Campus Corner

One true Big 12 champion? Don’t bet on it

Baylor quarterback Bryce Petty walks on the sideline after leaving the game in the second half against Texas Tech last week. Bears coach Art Briles said Monday he expects Petty to play against K-State on Saturday.
Baylor quarterback Bryce Petty walks on the sideline after leaving the game in the second half against Texas Tech last week. Bears coach Art Briles said Monday he expects Petty to play against K-State on Saturday. AP

The Big 12 needs a new slogan.

Sure, “One True Champion” has a nice ring to it, but it is both misleading and inaccurate.

On Monday, Big 12 commissioner Bob Bowlsby admitted the slogan is more of a reference to the conference’s round-robin scheduling “method” than actually crowning a true champion.

“I think ‘One True Champion’ is more about everyone playing everyone,” Bowlsby said during a media teleconference, “so that there is never a situation where your champion can be looked at and it’s said, ‘Gee, they may not have gotten there if they had to play everyone in the league.’ … We believe playing everyone every year is the right way to decide a champion, even if it ends up in a tie.”

There is logic in those words. If Georgia Tech upsets Florida State in the ACC championship game or Missouri upends Alabama in the SEC championship game, some would debate if they were truly the best teams in their leagues. But they would be considered outright champions.

That’s more than you may be able to say about any Big 12 team after the dust settles on Saturday.
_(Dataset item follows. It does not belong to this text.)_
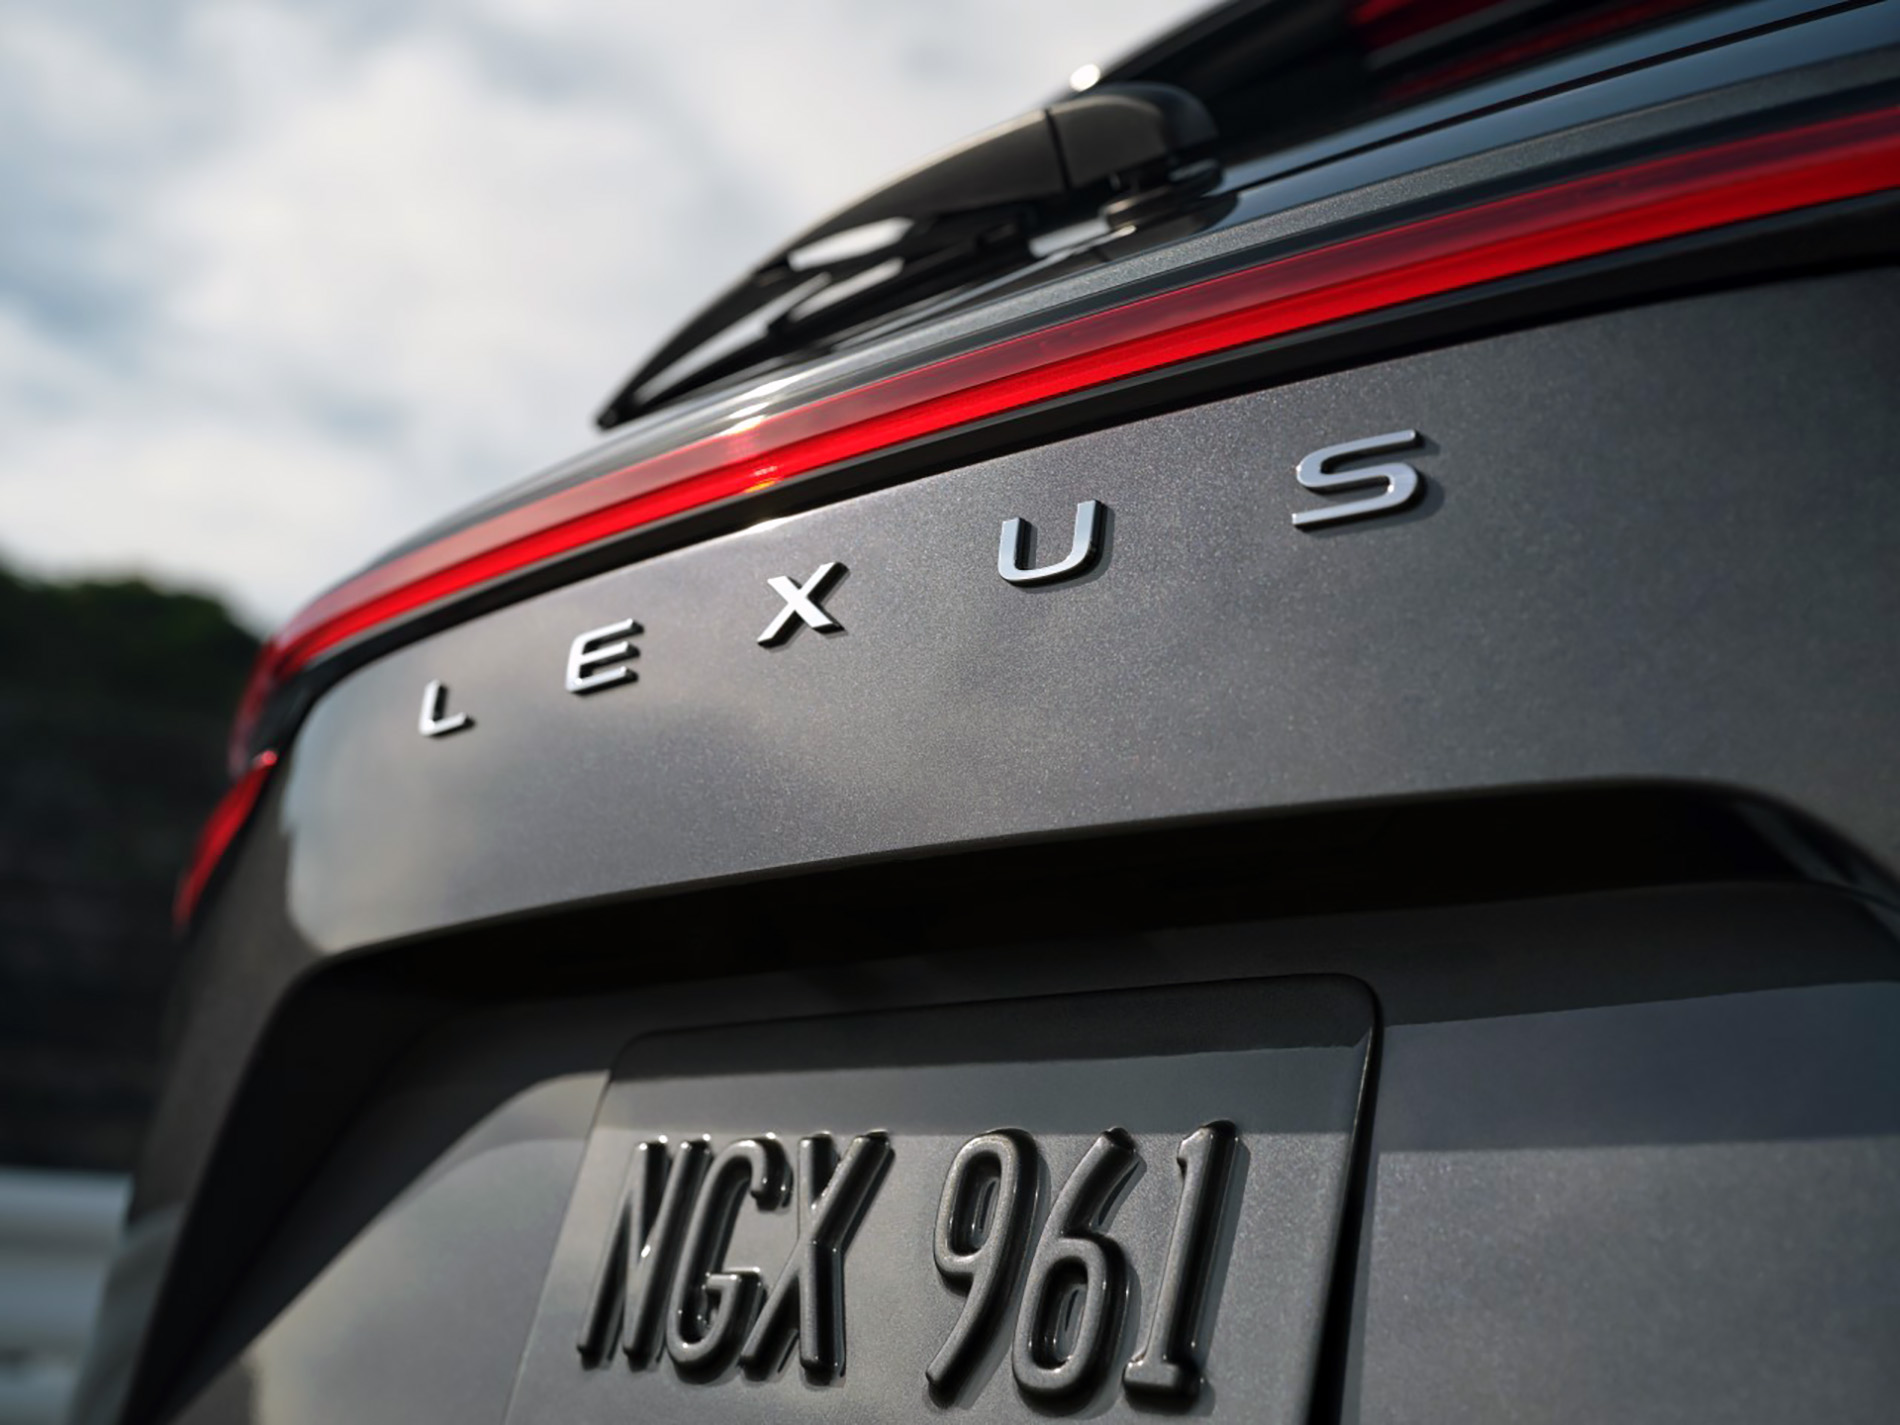 Lexus (częściowo) żegna się ze swoim logotypem
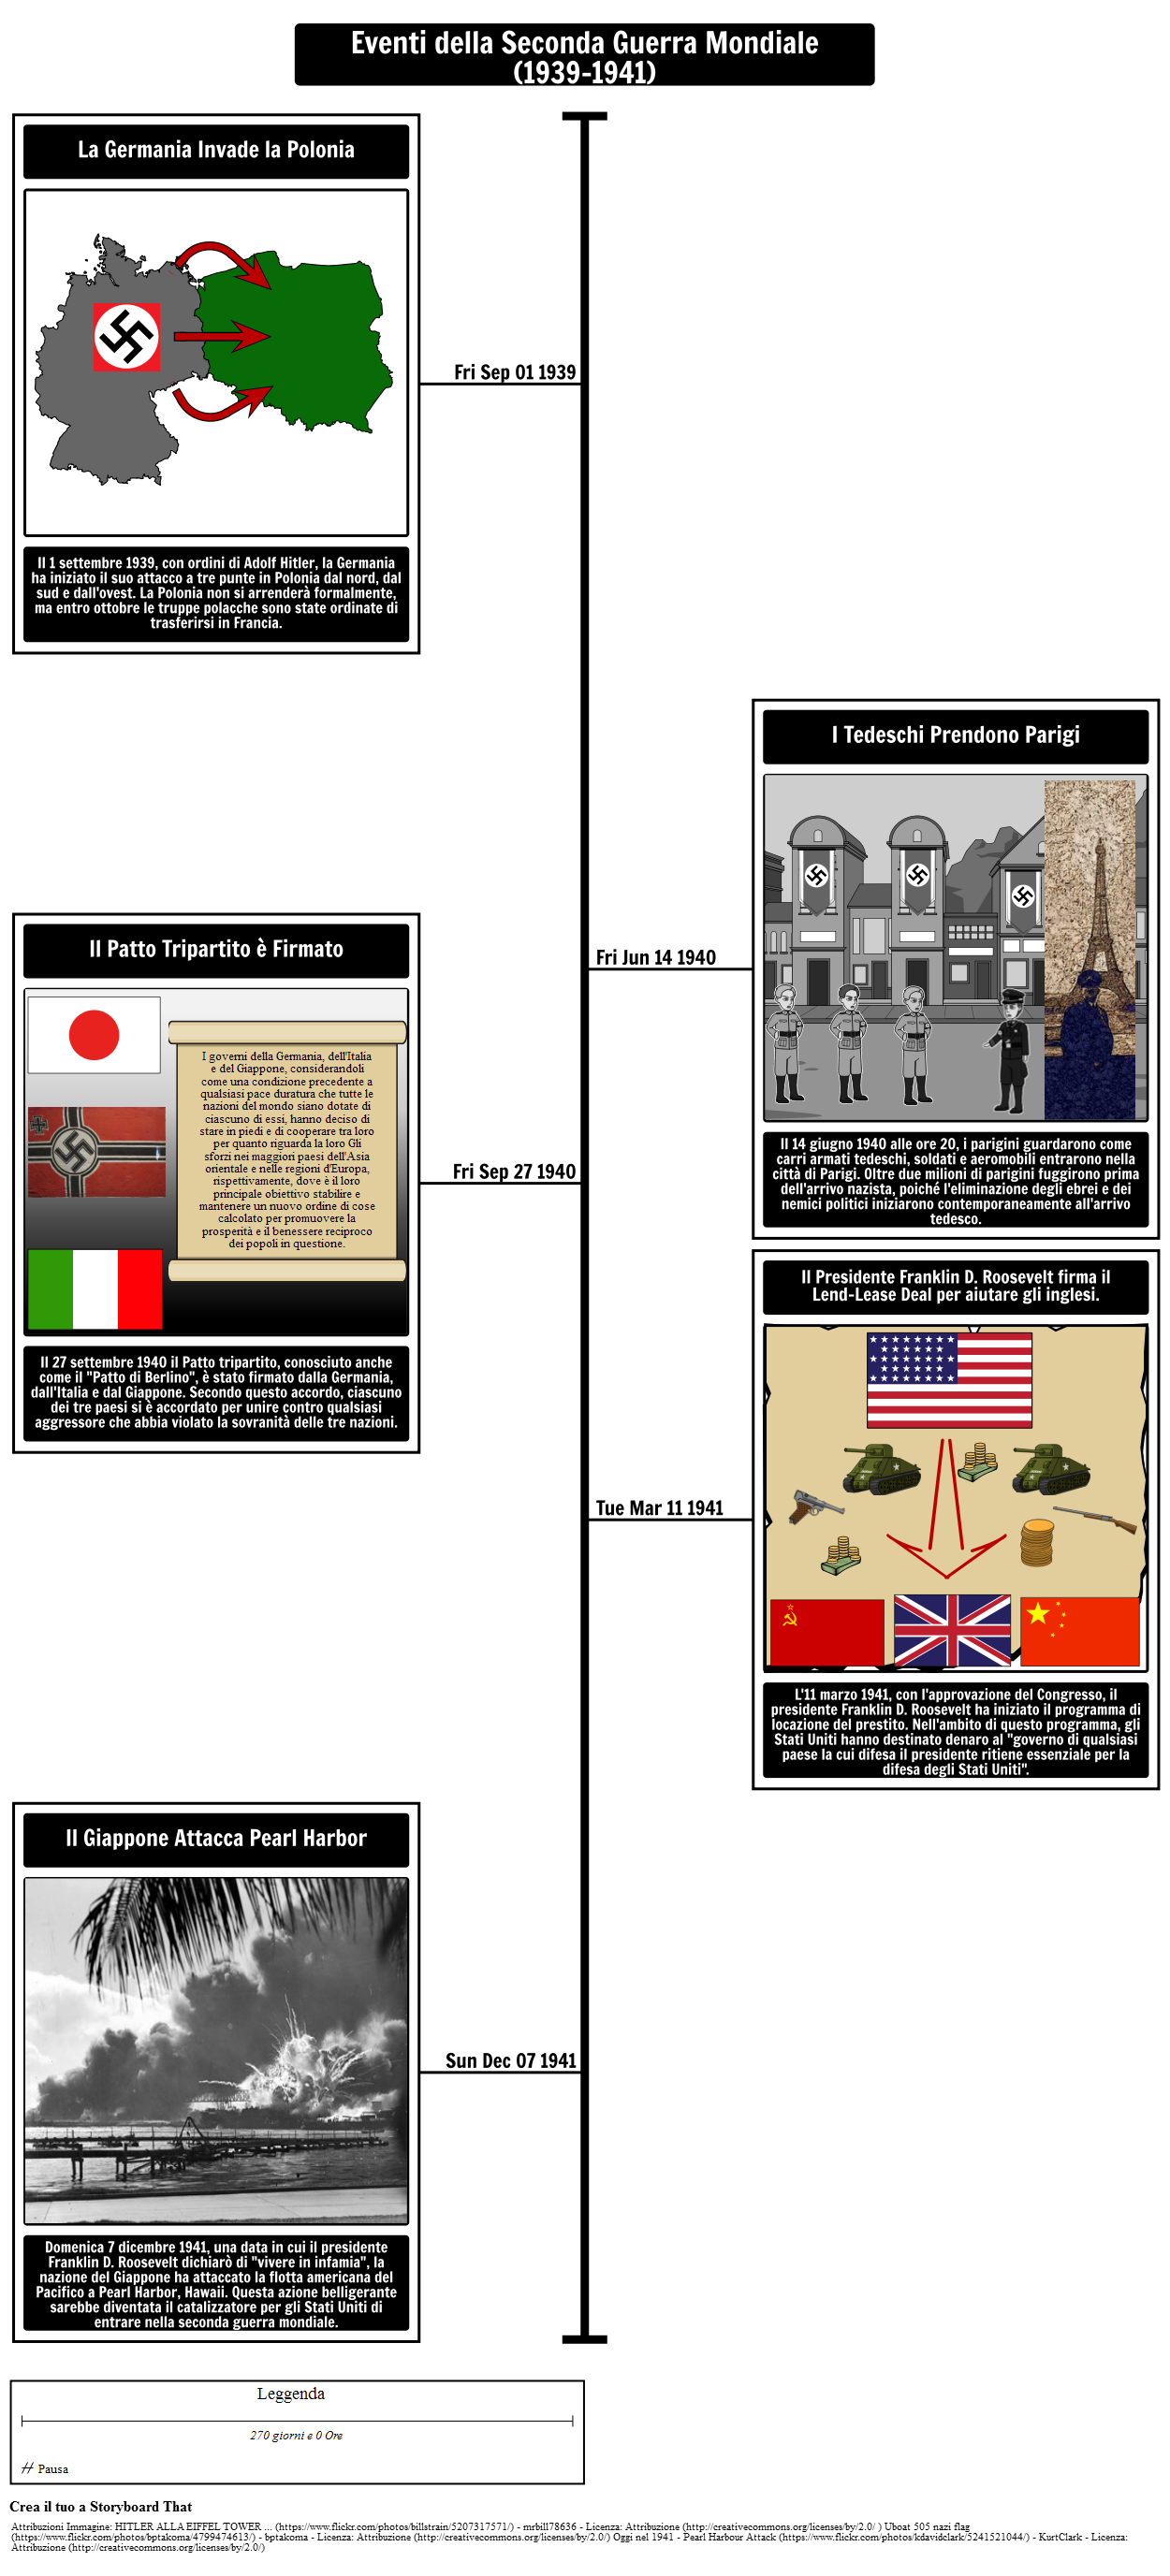 Timeline della seconda guerra mondiale 1939-1941

If No. 4 TCU defeats struggling Iowa State in its final game, the Horned Frogs will share the conference championship with the winner of No. 5 Baylor and No. 9 Kansas State. Head-to-head tiebreakers would favor Baylor over TCU and TCU over K-State, but the league will hand out two trophies and honor two champions. The Big 12 takes shared championships so seriously that Bowlsby said the league will identify both as champions to the playoff selection committee.

Co-champions are nearly upon us.

There is only one scenario in which a tiebreaker would be used to crown a lone champion: To decide which team represents the Big 12 in its tie-in with the Sugar Bowl. But that doesn’t apply this year, because the Sugar Bowl is part of the College Football Playoff semifinals.

Bowlsby said coaches voted to award co-championships instead of using tiebreakers to crown a lone champion, but the three coaches still in the title race seem split on the matter.

“I don’t have any particular opinion on it,” K-State coach Bill Snyder said. “It is fine.”

“I just follow the bylaws of the conference,” Baylor coach Art Briles said.

“It probably depends on what side of the table you are sitting on,” TCU coach Gary Patterson said. “The one thing I will say about it is: A loss is a loss whether it is head-to-head or otherwise. A loss is a loss. So we all sit in the same boat. In different conferences we have shared conference championships before and I didn’t think any less of it because we shared it. You are still the conference champ.”

Still, if Baylor and TCU share a title, many will recognize the Bears as champions because of their thrilling victory over TCU. If K-State and TCU share the crown, many will view the Horned Frogs higher because of their dominating win over K-State.

One true champion? You decide. Unlike the slogan suggests, there is plenty of room for interpretation.

Petty probable

Baylor quarterback Bryce Petty suffered a concussion against Texas Tech over the weekend, but it sounds like he will be on the field when the Bears take on K-State in Waco, Texas.

“Right now,” Briles said, “we are feeling like he will be ready to go on Saturday."

Weekly honors

K-State kicker Matthew McCrane was chosen Big 12 special teams player of the week on Monday. He received the honor after making two field goals against Kansas.

In basketball, Kansas junior Perry Ellis was player of the week after averaging 18.8 points and 7.5 rebounds in the Orlando Classic, won by the Jayhawks.

Football power rankings

1. TCU (10-1, 7-1 Big 12): With one more win, TCU could be on its way to college football’s first playoff.

2. Baylor (10-1, 7-1): Tiebreakers will favor Baylor in any co-championship scenario.

3. Kansas State (9-2, 7-1): Wildcats haven’t won in Waco since 2002.

4. Oklahoma (8-3, 5-3): Beating Oklahoma State and winning a bowl would salvage the season.

5. Texas (6-6, 5-4): Improving team still not up to TCU standards.

6. West Virginia (7-5, 5-4): Mountaineers had a nice turnaround this season.

7. Oklahoma State (5-6, 3-5): Win Bedlam, go to a bowl game.

8. Texas Tech (4-8, 2-7): Rough season for Kliff Kingsbury.

9. Kansas (3-9, 1-8): Who will be the next coach?

10. Iowa State (2-9, 0-8): Paul Rhoads could soon be on the hot seat, if he isn’t already.